Exercise:
From the entries below, copy out all lines holding "Outdoor".

(Data items)
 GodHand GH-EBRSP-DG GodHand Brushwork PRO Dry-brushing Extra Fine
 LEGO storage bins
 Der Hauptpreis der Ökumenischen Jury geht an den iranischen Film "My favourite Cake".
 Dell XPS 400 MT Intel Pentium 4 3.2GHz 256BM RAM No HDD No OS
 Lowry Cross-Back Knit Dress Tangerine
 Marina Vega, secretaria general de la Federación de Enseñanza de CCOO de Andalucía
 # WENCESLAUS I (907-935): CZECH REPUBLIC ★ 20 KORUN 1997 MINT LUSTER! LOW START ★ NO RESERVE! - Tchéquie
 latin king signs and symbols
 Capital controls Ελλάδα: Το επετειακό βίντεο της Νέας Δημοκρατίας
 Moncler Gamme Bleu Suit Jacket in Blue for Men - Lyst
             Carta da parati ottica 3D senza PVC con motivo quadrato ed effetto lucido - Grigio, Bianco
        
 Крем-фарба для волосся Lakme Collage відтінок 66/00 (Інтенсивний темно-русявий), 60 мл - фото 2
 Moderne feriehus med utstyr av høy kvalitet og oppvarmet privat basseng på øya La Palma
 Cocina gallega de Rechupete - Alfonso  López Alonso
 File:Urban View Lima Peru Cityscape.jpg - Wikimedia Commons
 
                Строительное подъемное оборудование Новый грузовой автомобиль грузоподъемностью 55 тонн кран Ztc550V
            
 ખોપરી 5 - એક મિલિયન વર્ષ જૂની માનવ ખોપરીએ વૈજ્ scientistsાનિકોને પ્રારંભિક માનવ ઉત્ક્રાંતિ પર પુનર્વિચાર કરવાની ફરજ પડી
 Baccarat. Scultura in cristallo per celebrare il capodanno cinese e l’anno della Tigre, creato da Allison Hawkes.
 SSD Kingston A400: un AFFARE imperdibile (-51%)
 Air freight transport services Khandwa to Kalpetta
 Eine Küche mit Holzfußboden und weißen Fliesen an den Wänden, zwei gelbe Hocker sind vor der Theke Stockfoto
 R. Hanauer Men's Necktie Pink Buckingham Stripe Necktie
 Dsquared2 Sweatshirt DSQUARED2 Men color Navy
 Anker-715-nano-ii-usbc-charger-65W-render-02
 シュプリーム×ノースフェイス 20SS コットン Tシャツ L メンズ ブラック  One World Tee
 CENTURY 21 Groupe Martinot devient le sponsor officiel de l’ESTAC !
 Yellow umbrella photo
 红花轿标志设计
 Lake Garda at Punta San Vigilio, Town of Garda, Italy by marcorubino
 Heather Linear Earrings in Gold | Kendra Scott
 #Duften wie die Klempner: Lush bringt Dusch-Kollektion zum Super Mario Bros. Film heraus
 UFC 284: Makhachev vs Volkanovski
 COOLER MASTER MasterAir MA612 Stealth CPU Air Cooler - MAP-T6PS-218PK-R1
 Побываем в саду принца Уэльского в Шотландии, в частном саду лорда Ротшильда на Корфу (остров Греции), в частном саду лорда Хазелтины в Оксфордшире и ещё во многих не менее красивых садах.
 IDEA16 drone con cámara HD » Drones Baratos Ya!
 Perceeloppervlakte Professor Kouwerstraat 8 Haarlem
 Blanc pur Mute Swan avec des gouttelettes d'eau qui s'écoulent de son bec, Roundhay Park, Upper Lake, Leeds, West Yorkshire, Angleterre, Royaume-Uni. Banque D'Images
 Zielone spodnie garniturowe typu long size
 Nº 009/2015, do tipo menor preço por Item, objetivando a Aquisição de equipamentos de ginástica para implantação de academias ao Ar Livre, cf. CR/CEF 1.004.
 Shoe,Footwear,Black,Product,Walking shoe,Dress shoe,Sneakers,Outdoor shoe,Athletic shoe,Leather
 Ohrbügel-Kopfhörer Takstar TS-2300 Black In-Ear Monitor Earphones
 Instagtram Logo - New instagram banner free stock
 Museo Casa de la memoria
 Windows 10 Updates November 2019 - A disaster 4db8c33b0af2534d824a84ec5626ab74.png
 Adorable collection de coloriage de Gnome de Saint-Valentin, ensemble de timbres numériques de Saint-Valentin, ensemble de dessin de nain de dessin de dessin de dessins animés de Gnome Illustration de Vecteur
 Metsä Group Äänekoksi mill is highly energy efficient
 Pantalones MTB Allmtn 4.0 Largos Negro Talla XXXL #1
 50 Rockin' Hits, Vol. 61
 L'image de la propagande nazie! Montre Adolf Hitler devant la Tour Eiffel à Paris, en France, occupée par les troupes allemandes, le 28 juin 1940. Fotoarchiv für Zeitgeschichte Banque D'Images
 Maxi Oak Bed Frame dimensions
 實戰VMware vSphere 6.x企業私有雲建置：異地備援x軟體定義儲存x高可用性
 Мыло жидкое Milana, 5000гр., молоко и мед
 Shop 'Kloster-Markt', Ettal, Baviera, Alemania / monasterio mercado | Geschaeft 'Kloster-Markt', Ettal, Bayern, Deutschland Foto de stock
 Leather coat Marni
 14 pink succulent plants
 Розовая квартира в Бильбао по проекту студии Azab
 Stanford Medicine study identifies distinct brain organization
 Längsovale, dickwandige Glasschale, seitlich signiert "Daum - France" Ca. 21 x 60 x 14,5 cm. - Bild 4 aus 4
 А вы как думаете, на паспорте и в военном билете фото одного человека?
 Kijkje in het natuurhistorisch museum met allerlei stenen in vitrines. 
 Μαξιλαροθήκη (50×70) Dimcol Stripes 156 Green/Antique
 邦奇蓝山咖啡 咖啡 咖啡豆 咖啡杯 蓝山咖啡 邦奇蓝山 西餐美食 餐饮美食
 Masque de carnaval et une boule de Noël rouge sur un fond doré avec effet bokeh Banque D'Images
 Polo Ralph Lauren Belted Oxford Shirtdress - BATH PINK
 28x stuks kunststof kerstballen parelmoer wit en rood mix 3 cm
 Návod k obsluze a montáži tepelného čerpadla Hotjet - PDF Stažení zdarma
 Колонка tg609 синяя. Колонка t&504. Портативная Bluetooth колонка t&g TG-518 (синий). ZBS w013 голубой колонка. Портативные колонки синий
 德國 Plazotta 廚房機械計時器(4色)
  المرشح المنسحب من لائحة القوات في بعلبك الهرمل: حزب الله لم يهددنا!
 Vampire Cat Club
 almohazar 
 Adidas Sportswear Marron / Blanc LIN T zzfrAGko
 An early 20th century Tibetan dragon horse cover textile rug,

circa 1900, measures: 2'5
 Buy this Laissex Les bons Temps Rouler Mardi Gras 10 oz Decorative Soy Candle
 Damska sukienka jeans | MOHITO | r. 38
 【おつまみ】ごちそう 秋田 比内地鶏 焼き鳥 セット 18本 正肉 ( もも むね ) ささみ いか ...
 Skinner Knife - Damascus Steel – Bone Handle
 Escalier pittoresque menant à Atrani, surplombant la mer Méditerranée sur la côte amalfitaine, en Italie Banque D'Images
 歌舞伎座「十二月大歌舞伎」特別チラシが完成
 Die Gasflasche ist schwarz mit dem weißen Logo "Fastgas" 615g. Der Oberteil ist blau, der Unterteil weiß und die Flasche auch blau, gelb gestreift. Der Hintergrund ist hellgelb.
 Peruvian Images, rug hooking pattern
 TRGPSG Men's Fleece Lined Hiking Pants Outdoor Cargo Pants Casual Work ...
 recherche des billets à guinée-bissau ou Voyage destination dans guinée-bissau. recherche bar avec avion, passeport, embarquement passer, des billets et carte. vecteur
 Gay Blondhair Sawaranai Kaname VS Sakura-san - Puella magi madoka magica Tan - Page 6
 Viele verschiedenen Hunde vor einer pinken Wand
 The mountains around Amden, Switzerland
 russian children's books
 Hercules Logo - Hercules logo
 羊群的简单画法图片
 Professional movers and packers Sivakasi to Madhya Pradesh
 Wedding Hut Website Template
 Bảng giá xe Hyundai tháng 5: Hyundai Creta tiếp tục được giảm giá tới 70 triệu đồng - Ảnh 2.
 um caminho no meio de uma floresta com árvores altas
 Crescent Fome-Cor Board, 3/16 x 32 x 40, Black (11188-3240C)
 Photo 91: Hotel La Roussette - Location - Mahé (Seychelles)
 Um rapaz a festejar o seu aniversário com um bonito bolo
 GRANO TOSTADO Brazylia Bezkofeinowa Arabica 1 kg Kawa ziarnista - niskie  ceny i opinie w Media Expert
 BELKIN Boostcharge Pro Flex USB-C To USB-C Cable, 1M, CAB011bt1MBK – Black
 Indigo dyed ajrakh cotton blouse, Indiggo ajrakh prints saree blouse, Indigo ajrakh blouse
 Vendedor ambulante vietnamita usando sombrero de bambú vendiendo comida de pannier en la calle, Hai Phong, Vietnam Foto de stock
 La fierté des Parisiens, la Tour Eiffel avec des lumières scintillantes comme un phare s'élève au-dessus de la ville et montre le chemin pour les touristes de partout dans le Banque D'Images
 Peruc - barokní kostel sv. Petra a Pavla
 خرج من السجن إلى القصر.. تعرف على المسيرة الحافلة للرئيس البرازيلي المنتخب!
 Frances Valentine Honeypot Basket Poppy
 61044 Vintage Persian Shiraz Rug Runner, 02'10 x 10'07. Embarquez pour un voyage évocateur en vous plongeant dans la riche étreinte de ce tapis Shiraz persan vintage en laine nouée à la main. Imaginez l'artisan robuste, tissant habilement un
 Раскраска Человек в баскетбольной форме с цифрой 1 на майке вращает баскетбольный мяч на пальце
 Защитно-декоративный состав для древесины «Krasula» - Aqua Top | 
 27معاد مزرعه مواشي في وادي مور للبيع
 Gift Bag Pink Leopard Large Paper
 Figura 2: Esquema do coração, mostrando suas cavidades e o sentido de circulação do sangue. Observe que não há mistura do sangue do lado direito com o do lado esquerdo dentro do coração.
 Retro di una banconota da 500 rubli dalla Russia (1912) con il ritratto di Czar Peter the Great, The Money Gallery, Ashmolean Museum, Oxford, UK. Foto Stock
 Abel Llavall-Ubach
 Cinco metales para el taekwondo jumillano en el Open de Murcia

Output for this exercise:
 Shoe,Footwear,Black,Product,Walking shoe,Dress shoe,Sneakers,Outdoor shoe,Athletic shoe,Leather
 TRGPSG Men's Fleece Lined Hiking Pants Outdoor Cargo Pants Casual Work ...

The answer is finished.